Entries taken from a collection:
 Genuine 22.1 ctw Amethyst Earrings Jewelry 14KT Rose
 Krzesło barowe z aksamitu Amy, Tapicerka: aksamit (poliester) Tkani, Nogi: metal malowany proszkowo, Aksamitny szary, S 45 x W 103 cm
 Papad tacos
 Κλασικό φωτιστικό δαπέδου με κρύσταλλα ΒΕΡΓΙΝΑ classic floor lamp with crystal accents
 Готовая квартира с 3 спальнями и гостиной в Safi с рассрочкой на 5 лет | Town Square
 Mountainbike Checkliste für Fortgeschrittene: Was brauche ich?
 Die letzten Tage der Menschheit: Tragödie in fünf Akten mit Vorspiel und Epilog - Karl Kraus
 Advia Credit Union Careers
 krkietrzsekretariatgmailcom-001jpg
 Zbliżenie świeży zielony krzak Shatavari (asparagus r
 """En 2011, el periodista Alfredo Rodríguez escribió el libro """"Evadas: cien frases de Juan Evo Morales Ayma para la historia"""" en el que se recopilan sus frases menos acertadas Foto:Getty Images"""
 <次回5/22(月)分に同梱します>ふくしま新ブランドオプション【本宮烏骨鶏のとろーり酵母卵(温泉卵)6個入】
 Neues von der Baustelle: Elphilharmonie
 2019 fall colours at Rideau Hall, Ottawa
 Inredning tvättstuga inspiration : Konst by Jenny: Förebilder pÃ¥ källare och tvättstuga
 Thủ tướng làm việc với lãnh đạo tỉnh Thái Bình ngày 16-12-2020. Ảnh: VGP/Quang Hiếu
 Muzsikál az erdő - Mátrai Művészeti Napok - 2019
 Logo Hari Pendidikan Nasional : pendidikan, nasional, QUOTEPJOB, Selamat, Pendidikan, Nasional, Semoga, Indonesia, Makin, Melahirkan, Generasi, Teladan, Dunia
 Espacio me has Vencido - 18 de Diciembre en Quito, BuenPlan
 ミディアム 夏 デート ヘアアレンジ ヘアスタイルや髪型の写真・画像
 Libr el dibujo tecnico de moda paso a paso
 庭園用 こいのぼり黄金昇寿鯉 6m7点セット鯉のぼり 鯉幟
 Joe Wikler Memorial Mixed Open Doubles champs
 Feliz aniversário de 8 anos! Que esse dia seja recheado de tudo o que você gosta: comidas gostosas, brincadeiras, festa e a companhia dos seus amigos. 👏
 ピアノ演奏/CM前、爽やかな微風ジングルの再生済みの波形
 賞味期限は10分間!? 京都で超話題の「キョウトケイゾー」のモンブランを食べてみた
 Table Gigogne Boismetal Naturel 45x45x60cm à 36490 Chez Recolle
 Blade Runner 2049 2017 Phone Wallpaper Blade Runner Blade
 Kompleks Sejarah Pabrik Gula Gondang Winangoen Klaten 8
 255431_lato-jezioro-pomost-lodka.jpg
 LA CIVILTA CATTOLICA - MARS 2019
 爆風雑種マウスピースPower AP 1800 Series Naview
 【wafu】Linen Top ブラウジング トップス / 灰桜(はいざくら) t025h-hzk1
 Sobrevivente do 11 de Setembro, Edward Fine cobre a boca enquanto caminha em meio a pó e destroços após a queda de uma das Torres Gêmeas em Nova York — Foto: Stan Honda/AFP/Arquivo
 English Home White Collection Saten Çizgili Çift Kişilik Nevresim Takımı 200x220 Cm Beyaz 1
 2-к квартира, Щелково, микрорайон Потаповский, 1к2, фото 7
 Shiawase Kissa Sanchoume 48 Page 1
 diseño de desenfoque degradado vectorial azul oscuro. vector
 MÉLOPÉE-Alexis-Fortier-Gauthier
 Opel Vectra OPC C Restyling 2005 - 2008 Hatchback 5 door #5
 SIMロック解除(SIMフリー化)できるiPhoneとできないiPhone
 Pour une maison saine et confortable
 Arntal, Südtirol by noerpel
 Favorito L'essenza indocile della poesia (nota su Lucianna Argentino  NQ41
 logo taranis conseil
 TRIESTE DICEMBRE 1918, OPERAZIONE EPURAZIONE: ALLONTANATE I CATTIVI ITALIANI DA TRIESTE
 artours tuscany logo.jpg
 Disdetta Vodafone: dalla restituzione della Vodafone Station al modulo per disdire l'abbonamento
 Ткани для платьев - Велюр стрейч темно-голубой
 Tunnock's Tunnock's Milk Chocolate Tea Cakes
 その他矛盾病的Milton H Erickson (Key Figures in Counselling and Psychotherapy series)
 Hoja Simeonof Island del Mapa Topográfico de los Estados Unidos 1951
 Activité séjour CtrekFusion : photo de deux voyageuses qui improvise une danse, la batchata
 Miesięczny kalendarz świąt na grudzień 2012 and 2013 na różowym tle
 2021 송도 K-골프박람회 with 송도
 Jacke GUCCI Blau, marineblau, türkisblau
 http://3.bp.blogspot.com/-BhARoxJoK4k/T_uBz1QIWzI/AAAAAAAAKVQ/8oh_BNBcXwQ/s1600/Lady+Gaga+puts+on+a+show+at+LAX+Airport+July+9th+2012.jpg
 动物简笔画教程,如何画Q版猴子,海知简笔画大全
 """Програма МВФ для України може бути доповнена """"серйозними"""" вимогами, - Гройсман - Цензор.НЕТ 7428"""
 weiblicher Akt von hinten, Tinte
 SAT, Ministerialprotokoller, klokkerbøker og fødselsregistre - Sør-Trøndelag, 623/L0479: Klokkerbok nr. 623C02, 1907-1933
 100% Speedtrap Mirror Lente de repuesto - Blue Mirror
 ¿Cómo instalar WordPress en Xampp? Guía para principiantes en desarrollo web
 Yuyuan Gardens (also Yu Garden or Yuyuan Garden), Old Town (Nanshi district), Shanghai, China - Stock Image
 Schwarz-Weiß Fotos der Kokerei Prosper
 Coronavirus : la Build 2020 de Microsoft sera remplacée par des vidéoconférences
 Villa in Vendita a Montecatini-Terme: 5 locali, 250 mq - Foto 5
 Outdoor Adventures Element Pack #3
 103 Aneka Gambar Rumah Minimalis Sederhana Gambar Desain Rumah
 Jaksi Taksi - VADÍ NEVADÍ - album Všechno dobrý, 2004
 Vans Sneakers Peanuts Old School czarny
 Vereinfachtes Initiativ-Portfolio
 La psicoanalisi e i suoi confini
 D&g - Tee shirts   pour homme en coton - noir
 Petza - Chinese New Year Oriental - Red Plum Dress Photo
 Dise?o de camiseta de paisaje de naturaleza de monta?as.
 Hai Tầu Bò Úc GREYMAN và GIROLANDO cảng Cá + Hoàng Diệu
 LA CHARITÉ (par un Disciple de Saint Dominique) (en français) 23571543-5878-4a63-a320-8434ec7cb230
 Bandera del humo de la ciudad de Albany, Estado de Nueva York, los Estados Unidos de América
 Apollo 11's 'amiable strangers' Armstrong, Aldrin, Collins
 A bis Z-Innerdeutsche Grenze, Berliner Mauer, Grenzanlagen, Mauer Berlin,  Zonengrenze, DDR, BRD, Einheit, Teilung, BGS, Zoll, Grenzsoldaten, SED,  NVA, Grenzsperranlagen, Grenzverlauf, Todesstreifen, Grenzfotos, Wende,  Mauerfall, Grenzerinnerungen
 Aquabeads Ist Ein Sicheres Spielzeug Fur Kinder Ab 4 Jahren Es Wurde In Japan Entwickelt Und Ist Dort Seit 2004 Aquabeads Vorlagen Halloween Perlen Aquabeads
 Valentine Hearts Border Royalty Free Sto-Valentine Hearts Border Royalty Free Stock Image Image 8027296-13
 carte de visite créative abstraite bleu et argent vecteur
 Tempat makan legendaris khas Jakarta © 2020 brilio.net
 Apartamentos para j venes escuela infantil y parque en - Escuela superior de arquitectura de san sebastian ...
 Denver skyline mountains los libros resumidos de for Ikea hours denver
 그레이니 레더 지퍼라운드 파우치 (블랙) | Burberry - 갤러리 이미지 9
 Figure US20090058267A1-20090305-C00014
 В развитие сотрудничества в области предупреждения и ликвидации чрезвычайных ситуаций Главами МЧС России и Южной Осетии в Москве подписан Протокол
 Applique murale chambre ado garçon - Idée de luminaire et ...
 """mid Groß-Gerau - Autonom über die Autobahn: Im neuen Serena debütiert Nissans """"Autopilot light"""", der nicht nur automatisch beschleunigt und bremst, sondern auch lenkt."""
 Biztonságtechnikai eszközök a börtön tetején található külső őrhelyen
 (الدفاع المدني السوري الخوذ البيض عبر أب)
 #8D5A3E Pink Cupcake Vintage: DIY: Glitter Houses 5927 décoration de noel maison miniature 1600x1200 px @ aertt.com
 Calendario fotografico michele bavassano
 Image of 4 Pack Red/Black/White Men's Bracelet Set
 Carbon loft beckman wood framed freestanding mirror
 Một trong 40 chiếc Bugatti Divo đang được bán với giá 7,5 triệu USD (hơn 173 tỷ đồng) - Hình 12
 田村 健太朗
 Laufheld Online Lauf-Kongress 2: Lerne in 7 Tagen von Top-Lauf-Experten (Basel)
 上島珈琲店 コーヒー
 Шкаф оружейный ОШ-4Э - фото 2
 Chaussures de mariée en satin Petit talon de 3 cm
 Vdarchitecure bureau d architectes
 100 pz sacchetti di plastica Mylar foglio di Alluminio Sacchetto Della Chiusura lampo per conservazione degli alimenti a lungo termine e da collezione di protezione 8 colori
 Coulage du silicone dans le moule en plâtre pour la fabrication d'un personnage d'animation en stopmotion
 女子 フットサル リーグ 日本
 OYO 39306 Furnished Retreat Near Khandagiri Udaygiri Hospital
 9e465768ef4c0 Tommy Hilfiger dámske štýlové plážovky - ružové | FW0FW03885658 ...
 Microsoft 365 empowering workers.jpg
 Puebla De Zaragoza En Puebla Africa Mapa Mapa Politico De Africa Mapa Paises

Prompt: Check each line above for the word "Estados", and give only the number of lines that contain it.

Response to this task: 2